Especially at the current time - happy financial new year.

This is the first time it’s happened to me. It’s too coincidental

 

[Daver6]

Yes, it's tax time ;P

(All someone has to do is try and log in with your email address or mobile number, enough attempts and then they've locked your account)

1) Disable signing in with your email address and mobile phone number - so it's harder for someone to break in as you need to use your XX1234 username - my.gov.au/en/about/help/mygov-website/help-using-your-account/manage-sign-in-details

or even better

2) Enable passkeys or Digital ID and disable username/password logins for MyGov - my.gov.au/en/about/help/mygov-website/sign-in-to-mygov/use-passkeys


Especially at the current time - happy financial new year.

What's a little ridiculous is there are certain things you can't do if you login using a passkey but can do using a username and password. Total fail IMHO.

 

[Quickstatus]

Still no email from QF. Whats happening? Am I missing out/

 

[Pushka]

Still no email from QF. Whats happening? Am I missing out/

Yep. As are we. Suspect a faulty data base.

 

[Be.au]

What's a little ridiculous is there are certain things you can't do if you login using a passkey but can do using a username and password. Total fail IMHO.

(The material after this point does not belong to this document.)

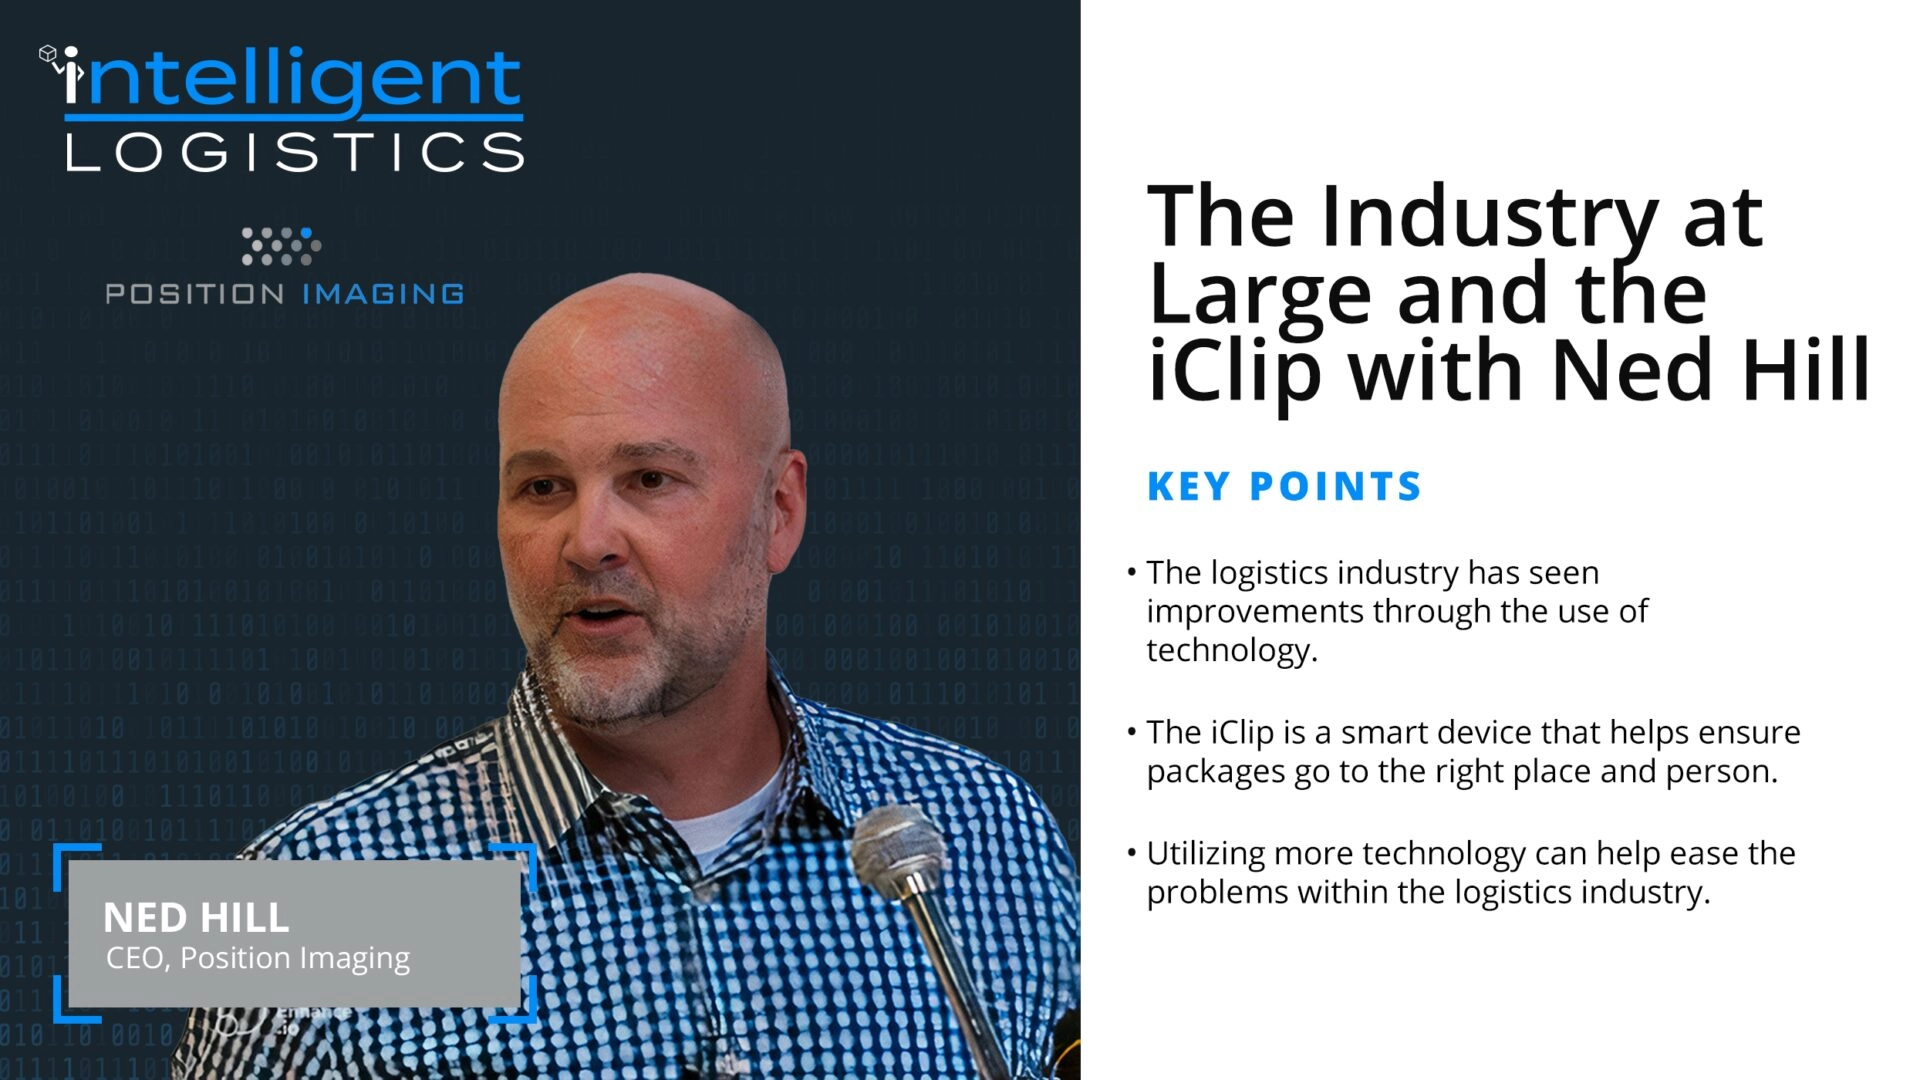 Intelligent Logistics: The Industry at Large and the iClip

Username/Password and Passkeys are treated the same AFAIK, it's the ATO that will insist on a Digital ID in some circumstances and the username/password/passkey isn't enough. (not passkey specific)

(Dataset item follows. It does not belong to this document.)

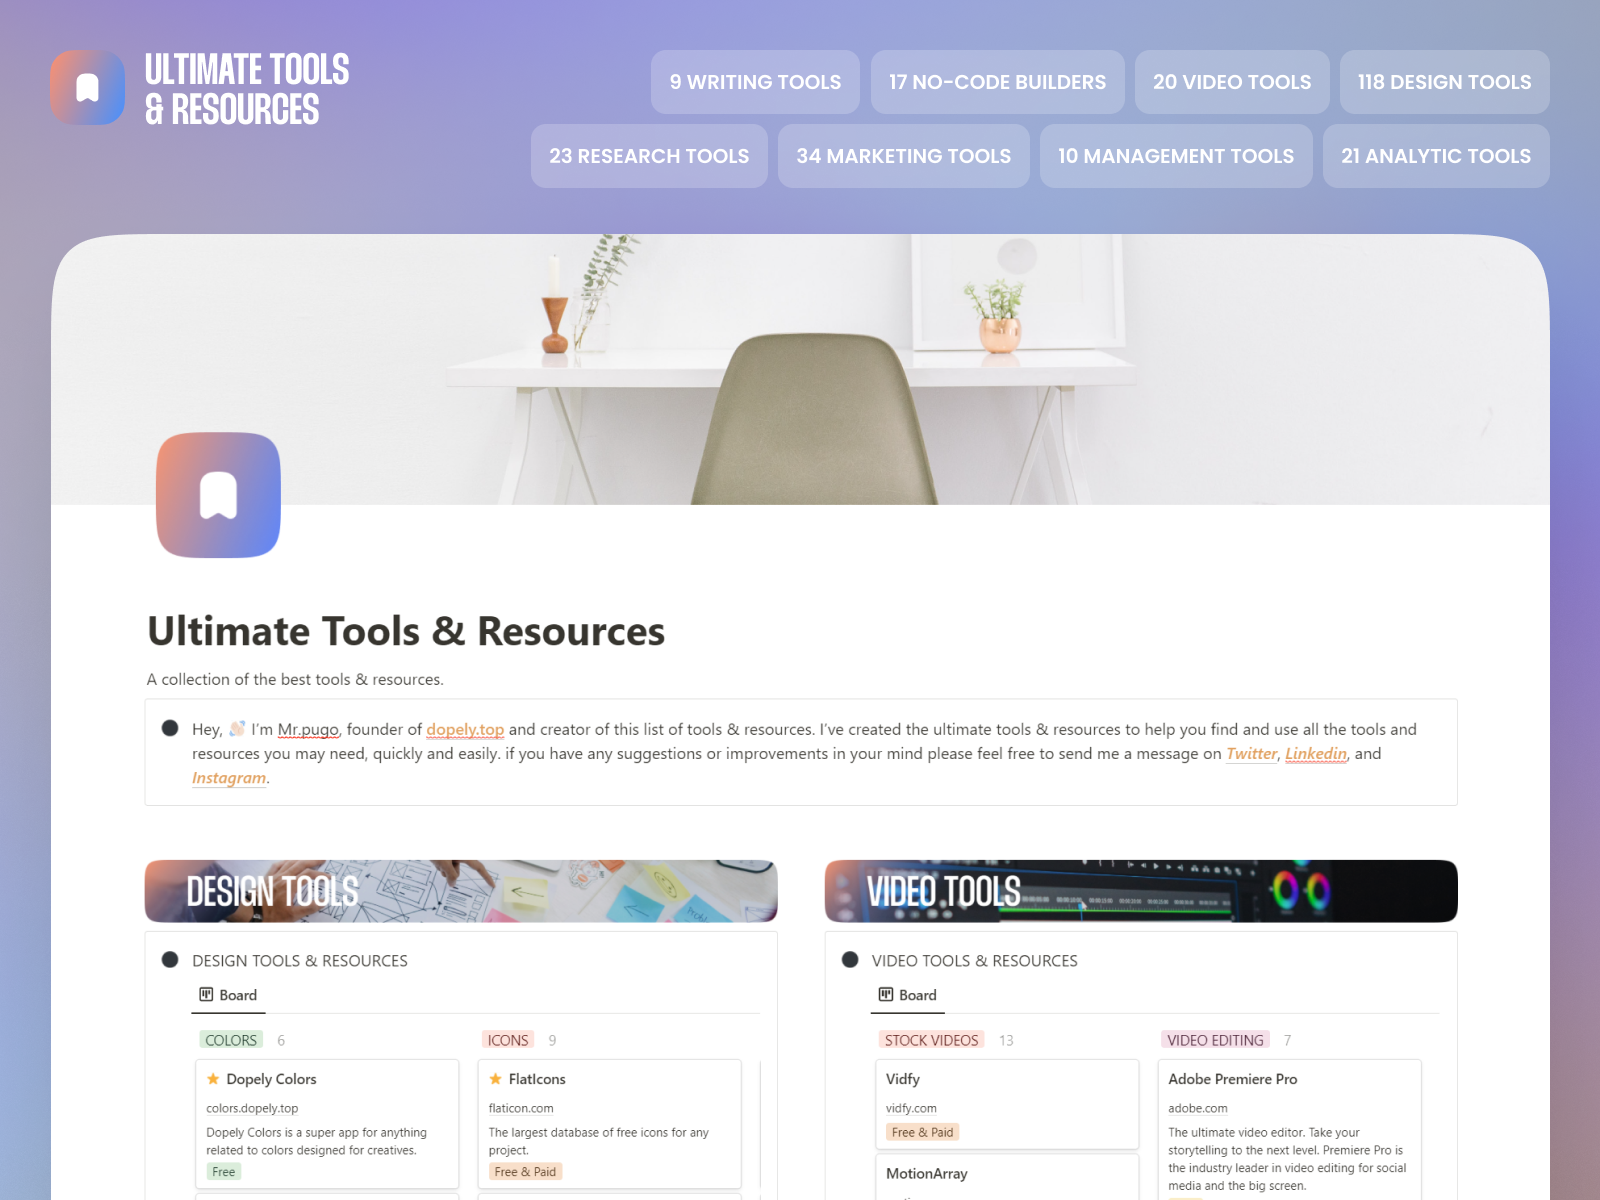 Ultimate Tools & Resources

This is the first time it’s happened to me. It’s too coincidental

I'm guessing you used the same email address for MyGov as your Qantas account, or the same mobile number?

As suggested earlier, turn them off as login username options with MyGov.

 

[Quickstatus]

As suggested earlier, turn them off as login username options with MyGov.

It's very difficult to remember the MyGov generated username

 

[Daver6]

Username/Password and Passkeys are treated the same AFAIK, it's the ATO that will insist on a Digital ID in some circumstances and the username/password/passkey isn't enough. (not passkey specific)


I'm guessing you used the same email address for MyGov as your Qantas account, or the same mobile number?

As suggested earlier, turn them off as login username options with MyGov.

You're right about it being ATO. I was sure username/password was accepted but suspect my memory is failing me and I probably used digital ID instead.

 

[ABC1]

Username/Password and Passkeys are treated the same AFAIK, it's the ATO that will insist on a Digital ID in some circumstances and the username/password/passkey isn't enough. (not passkey specific)


I'm guessing you used the same email address for MyGov as your Qantas account, or the same mobile number?

As suggested earlier, turn them off as login username options with MyGov.

I use the MyGov generated username. Hackers obviously don’t know that.

 

[moa999]

Also got the new myID service that links ID to a specific device which presumably stops nefarious actors

 

[drron]

Well I had the first email but not the second as of now.